Acabo de leer La madre naturaleza, precioso título de una pésima novela de Pardo Bazán, sobre todo si poco antes acabas de leer Teresa Raquin, de Zola, o entretienes los viajes en metro con Josef Winkler. La novela es mala porque está muerta. Es un caso clínico de escritor que se siente por encima de lo que escribe; que, más que partir de un método científico para escribir, rellena una herrumbrosa partitura, en cada uno de cuyos movimientos la autora no tiene más ambición que lucirse. No hay punto de comparación con Galdós. En Galdós todo está vivo, el lector es transportado sin conciencia de tiempo y sin que ninguno de los infinitos detalles parezca superfluo ni mucho menos un ejercicio de retórica vacía. La madre naturaleza es una lección dictada por una señora un poco plasta que demuestra no entender el fondo de lo que está contando. Galdós, con Tristana, le daría sopas con honda. En la novela de Pardo Bazán hay una niña estúpida, un estudiante de anuncio de turrón y un viejo verde, Gabriel, tío de la niña, con la que se quiere casar. Es una versión de la fábula de Polifemo y Galatea llena de tecnicismos agropecuarios, tiesa de apresto, almidonada de teoría, asfixiada por la convicción con que escribe la señora Pardo. A veces es gracioso porque hay momentos en que la narración exige cambios de proporciones que la autora le niega con inflexibilidad de Rotenmeyer. En esas –pocas- ocasiones, cuando se exige un tramo de acción continuada, o incluso cuando un diálogo ha prendido y es el momento de desarrollar sus posibilidades dramáticas, Pardo Bazán lo alicata todo de su idea de la novela científica. Todo es previsible, pero antes de que llegue te tienes que zampar un paisaje de juego floral, o cientos de aclaraciones y opiniones gratuitas que te acaban dejando dolor de cabeza porque la lógica de la lectura invita a los ojos a una velocidad que le niega constantemente la severa dama.

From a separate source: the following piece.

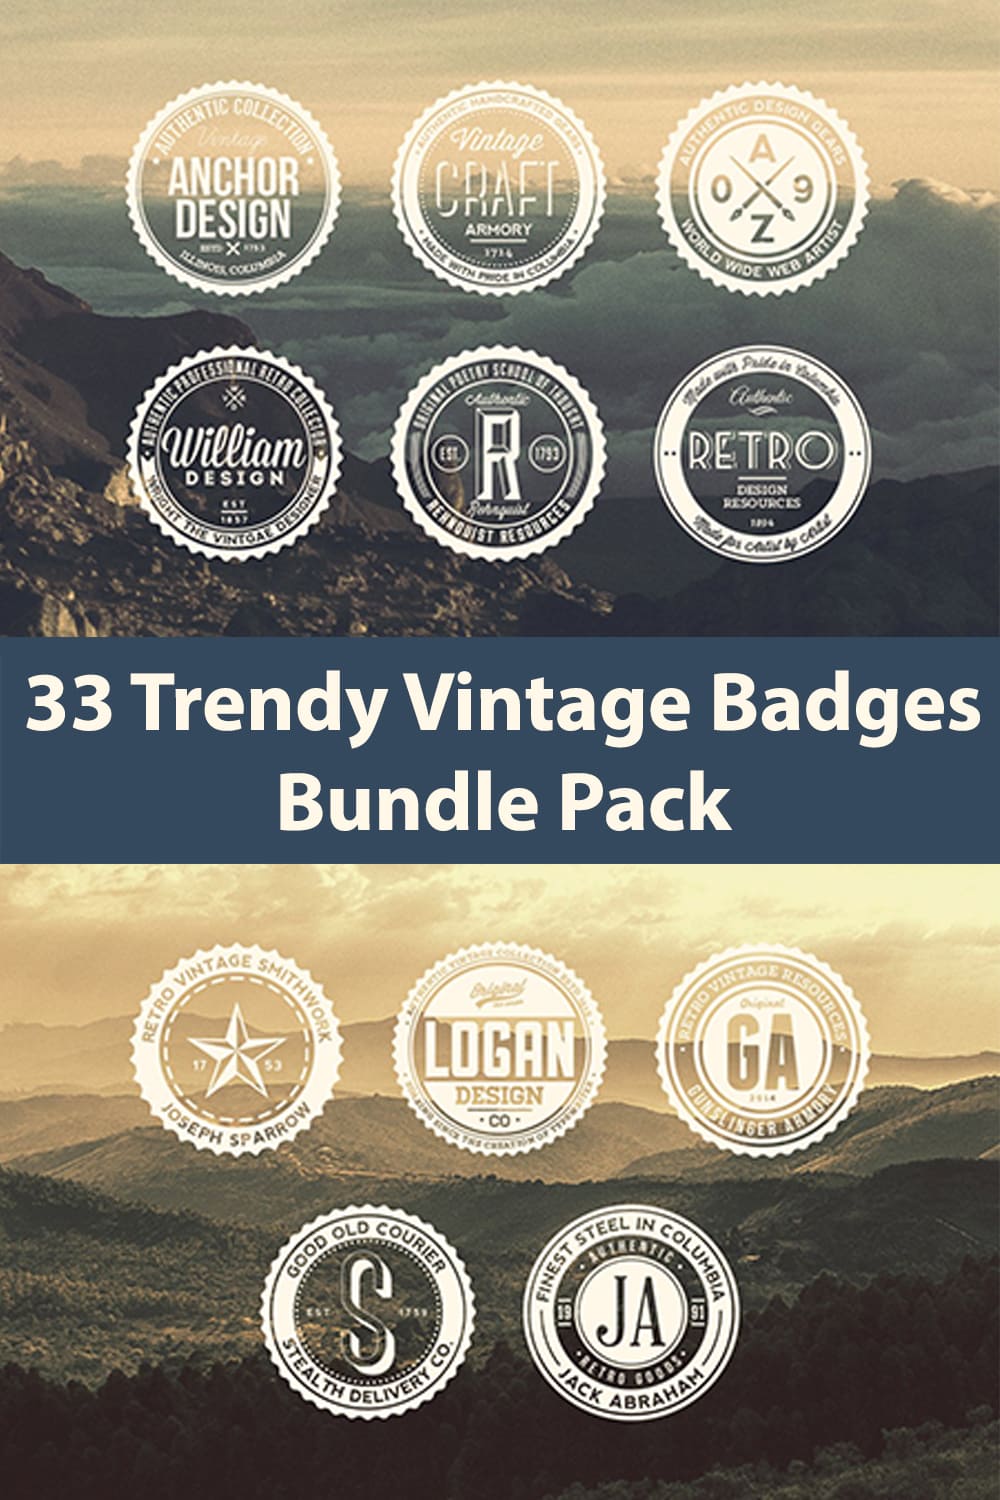 33 Trendy Vintage Badges Bundle Pack - Pinterest.

Este Polifemo debería ser un elegante señor de provincias, un hombre poderoso que cree parte de sus atribuciones casarse con la hija de su hermana, Nucha, la de Los Pazos de Ulloa. Pero resulta que es un sosainas, y que entre tanta fronda retórica apenas tiene tiempo para frases que en un contexto dramático serían interesantes y aquí suenan ridículas. La escritora era demasiado de derechas como para explicar con crudeza otra cosa que no fuera el aspecto de sus despreciadas campesinas. Galdós es otra prueba de que la compasión no está reñida con la verdad; al contrario, se aproxima más a ella porque trata de verla desde los ojos vivos de sus personajes, no desde unos doctos lentes de condesa.

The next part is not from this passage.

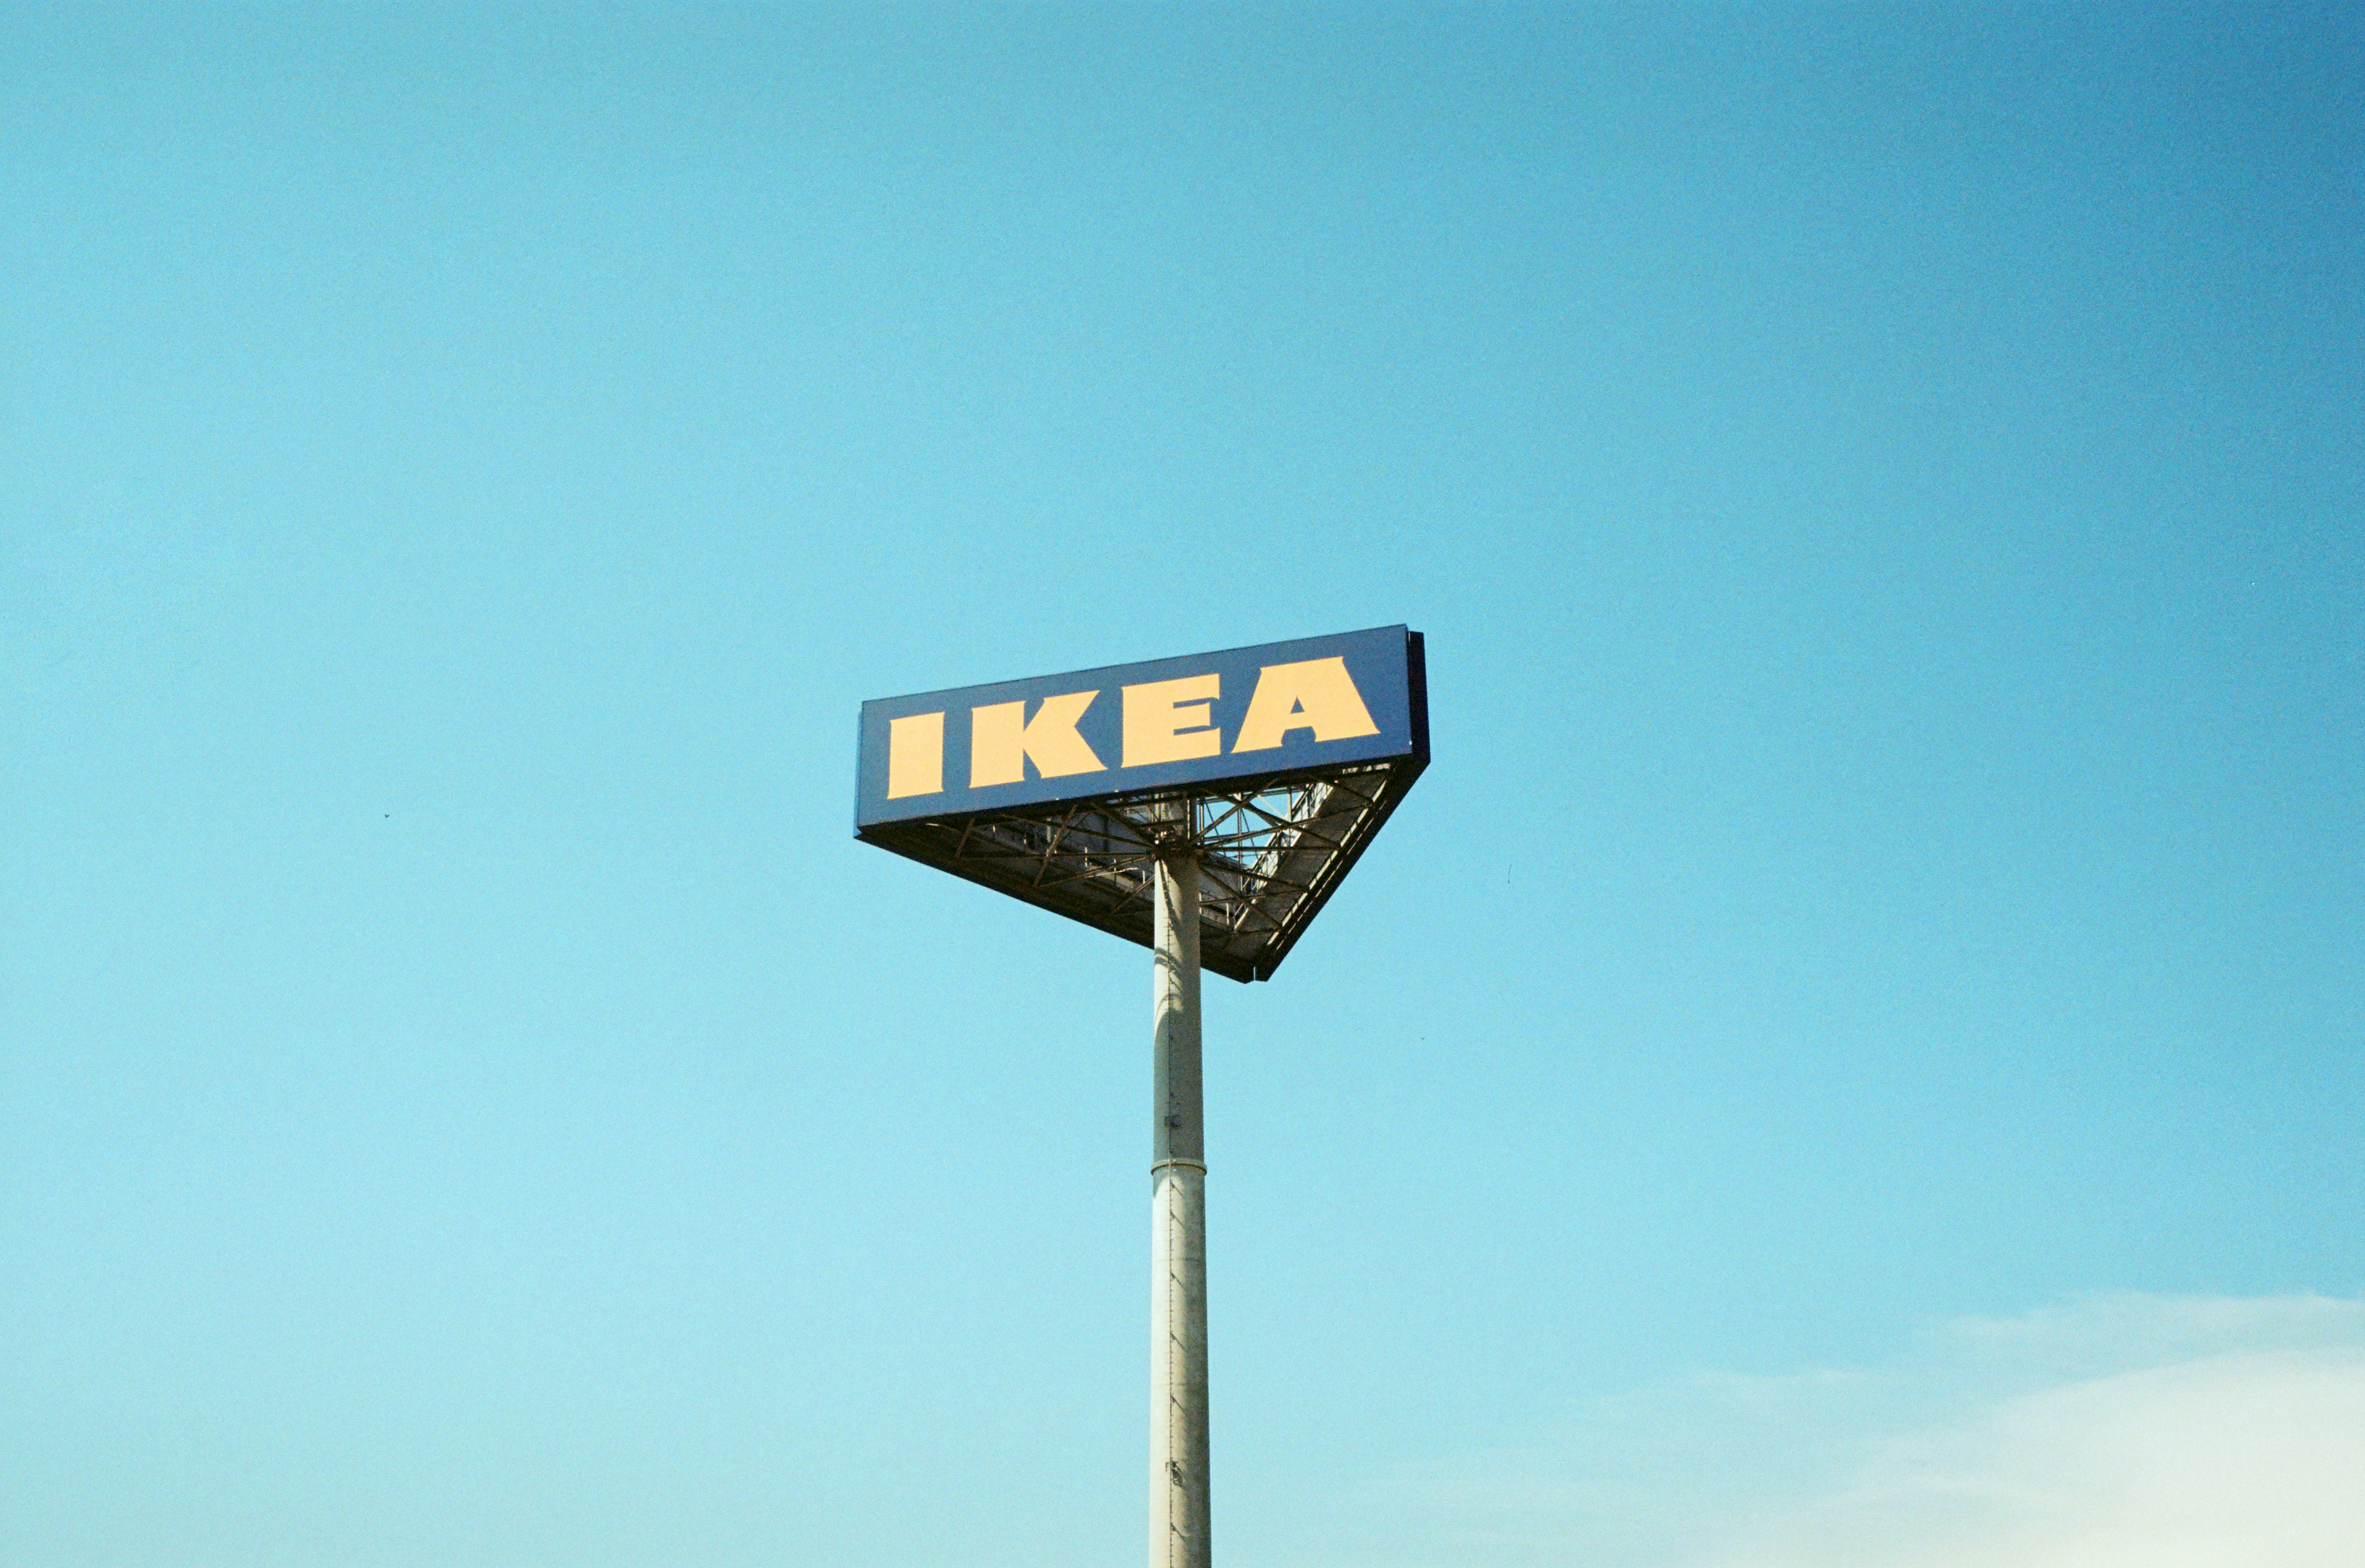 Leeuwarden wordt het decor voor de kleinste IKEA van Nederland

Se podría decir que es la prosa de la época. Pero el caso es que no estamos hablando de prosa. La oratio numerosa de Pardo Bazán es impecable pero redicha. El problema no es ese. También algunas obras de Pereda se duermen en la suerte pero hay en ellas otro tipo de aliento. El problema está en la circulación de la sangre. El naturalismo necesitaba cierta imperfección que no se puede impostar, que nace de la urgencia, de la tensión al narrar. El narrador naturalista no puede andar explicándonos nada. Debe limitarse, como dice Zola, como hace cualquier buen novelista, a describir. Su escritura es urgente, mirad lo que está pasando, y al mismo tiempo minuciosa, acumulativa, en una retórica de inventario que sin embargo tiene siempre sus propias reglas narrativas. Modernamente hemos dejado que pasasen por alardes lo que no eran sino hipertrofias, sin pensar que el verdadero alarde no consiste en cumplir un programa previo ni en exhibirse sino en entregarse a lo narrado, en darle vida.

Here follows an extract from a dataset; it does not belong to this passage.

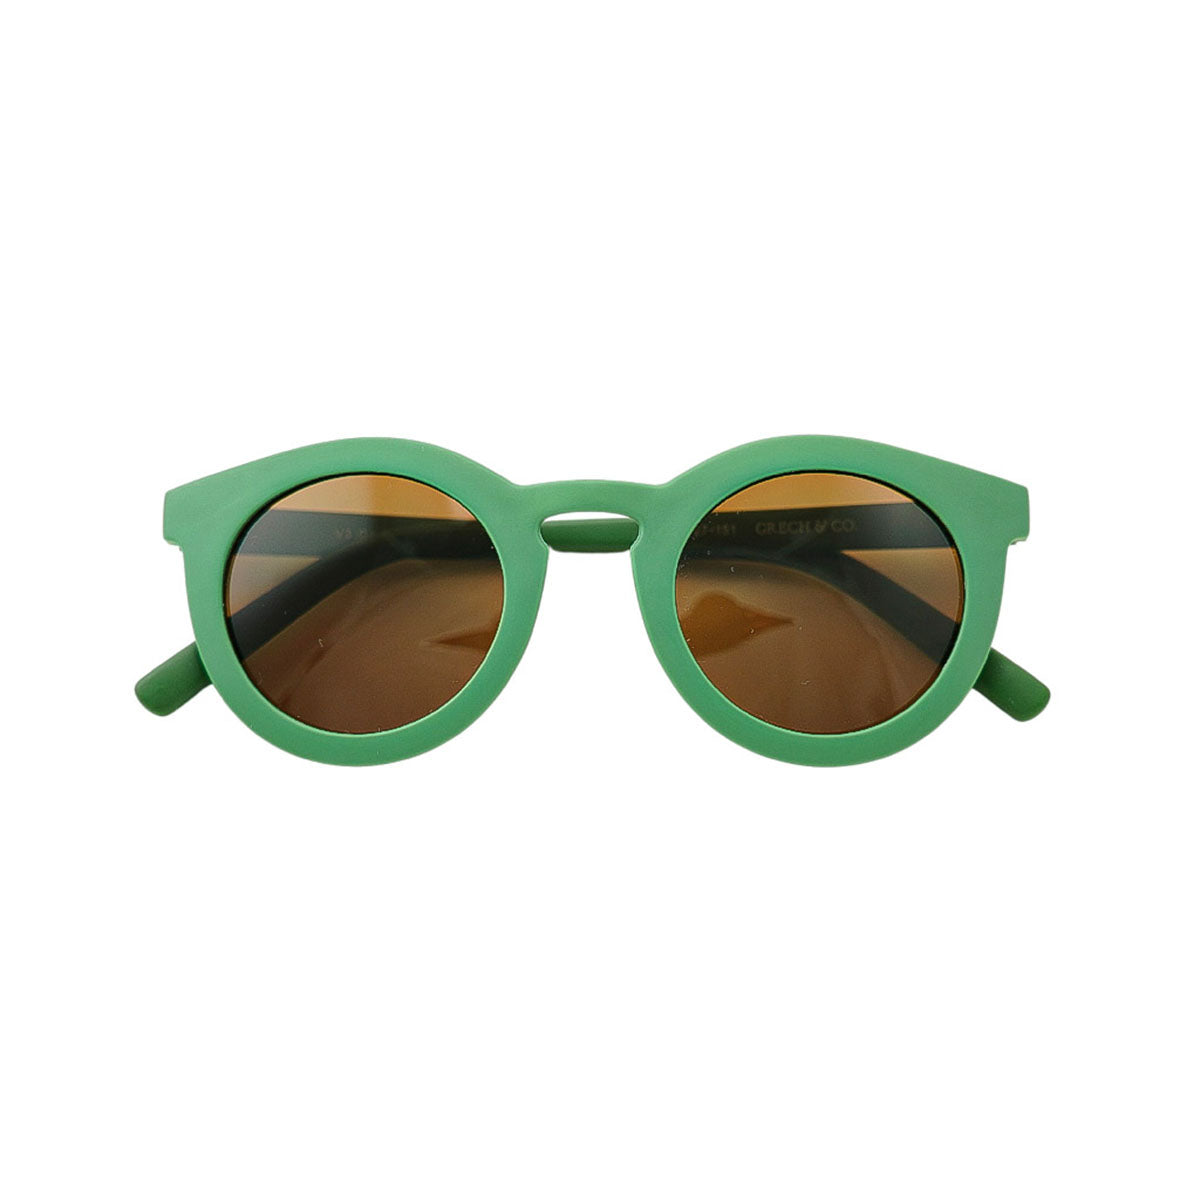 De Grech & co. zonnebril classic buigbaar baby in de kleur orchard is speciaal ontworpen voor baby’s en peuters die willen matchen met hun mama. De zonnebril is namelijk ook beschikbaar voor moeders en kinderen! VanZus

Y eso no sólo es independiente de las épocas sino muy frecuente en la novela que Pardo Bazán leía y que trataba de imitar de manera científica. Lo peor es eso, que en lo claro que lo tiene todo da la exigua medida real de su talento. No obstante, al final la novela corre un poco más, digamos que como los caballos cuando barruntan la cuadra, y en ese tramo más intenso y dialogado está lo que debería haber sido la novela desde el principio. Más que encontrar un final ad hoc, hubiésemos querido que la autora se hubiera encontrado con un tono con el que rescribir entera la novela.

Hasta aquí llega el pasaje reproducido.